When he got to the customary distance of three paces, he paused and bowed his head.
"Fetch my slippers," the Exalted said. "We must go visiting."
"May one be so bold?" the man asked of the air beside the Exalted's head.
"To the residence of the Republic's negotiator," the Exalted said. "Bring two bottles of claret. Good, but not great, vintages. You may choose which ones."
A gift chosen by a servant, the young man thought. The insult direct. Maybe the timetable had moved up.
Faral didn't much care for the idea of leaving Miza alone in the Light's cockpit with the enigmatic Guislen, but as long as his cousin was determined to leave Sapne in this ship and no other, he didn't seem to have a choice. Something strange was going on—something that went beyond even oracular old ladies and hooded Adepts with murderous intentions.
If Jens knew what the problem was, however, he wasn't telling. He accompanied Faral on his inspection of the rest of the starship, and never once mentioned either Guislen or the strange Adept. He and Faral worked their way through all the Light's compartments one at a time—most of the spaces they found had obvious uses, but one or two proved utterly baffling. Faral supposed it took being brought up on shipboard to recognize them.

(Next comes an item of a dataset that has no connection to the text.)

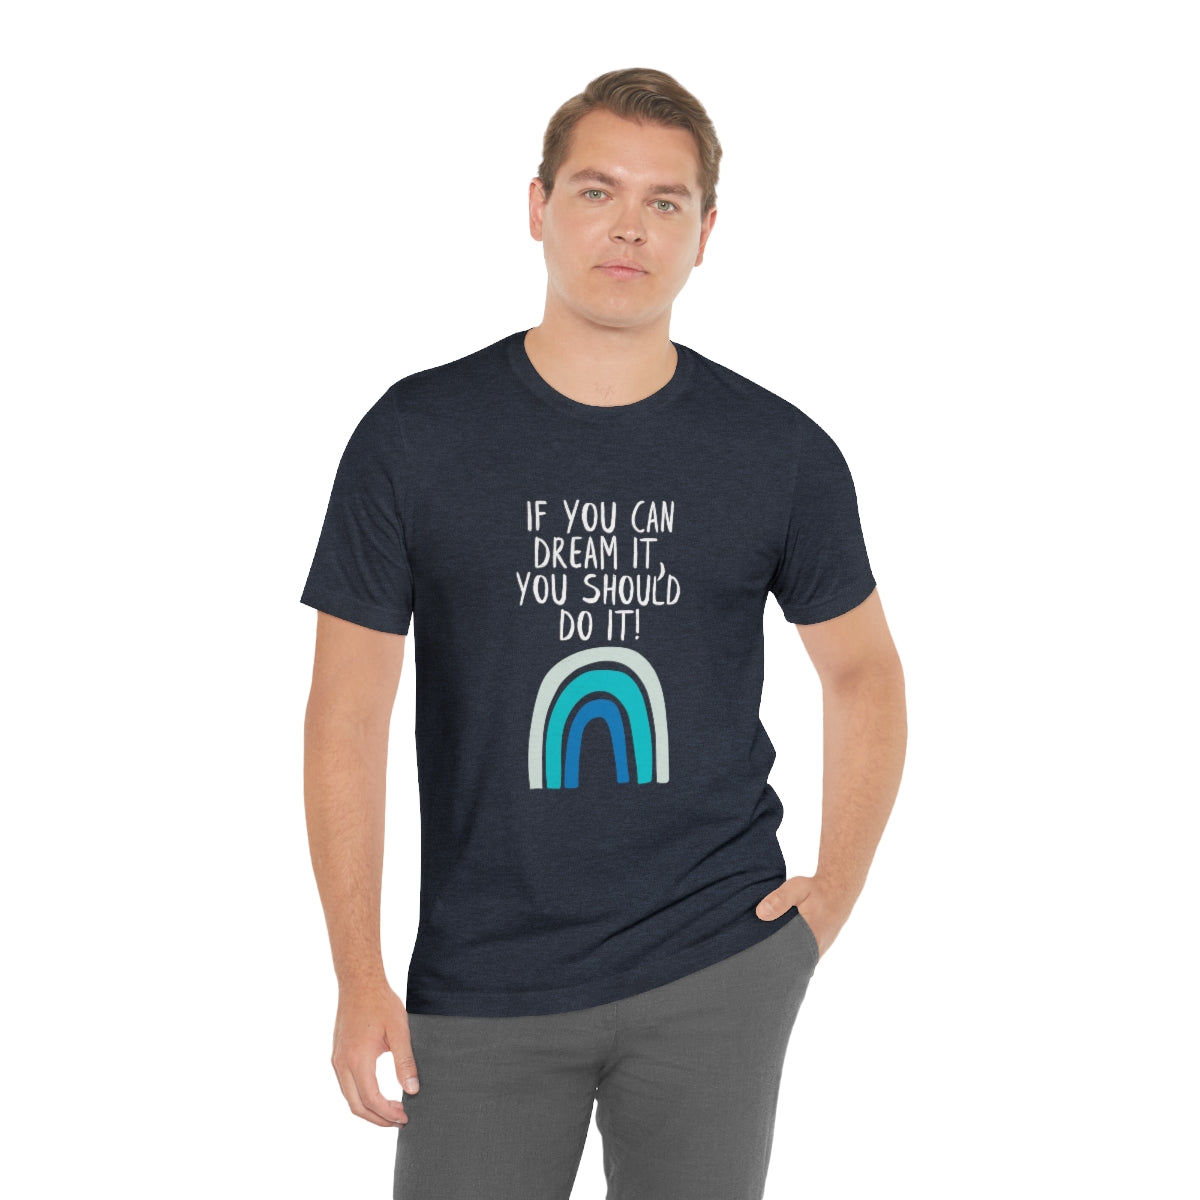 Motivational T Shirts, If You Can Dream It, You Should Do It, Blue Rainbow Quote Shirt, Positive Sayings, Quotes on T Shirts, Unisex Tees

"What I'm worried about," he said, "is food and water. If the engines go we're dead in a second. But thirst—that's a nasty way to die."
"You're certainly cheerful tonight," said Jens. "Look over here. I think I've found the galley."
A closer inspection proved that he was right. The closet-sized nook held a washer and a cook-set, and dinnerware stacked for lift-off in secured trays. Not surprisingly, the fresh-provisions locker had failed to remain cold under standby power, and the meat and vegetables inside had first rotted and then dried into a foul-smelling powder. Jens wrinkled his nose.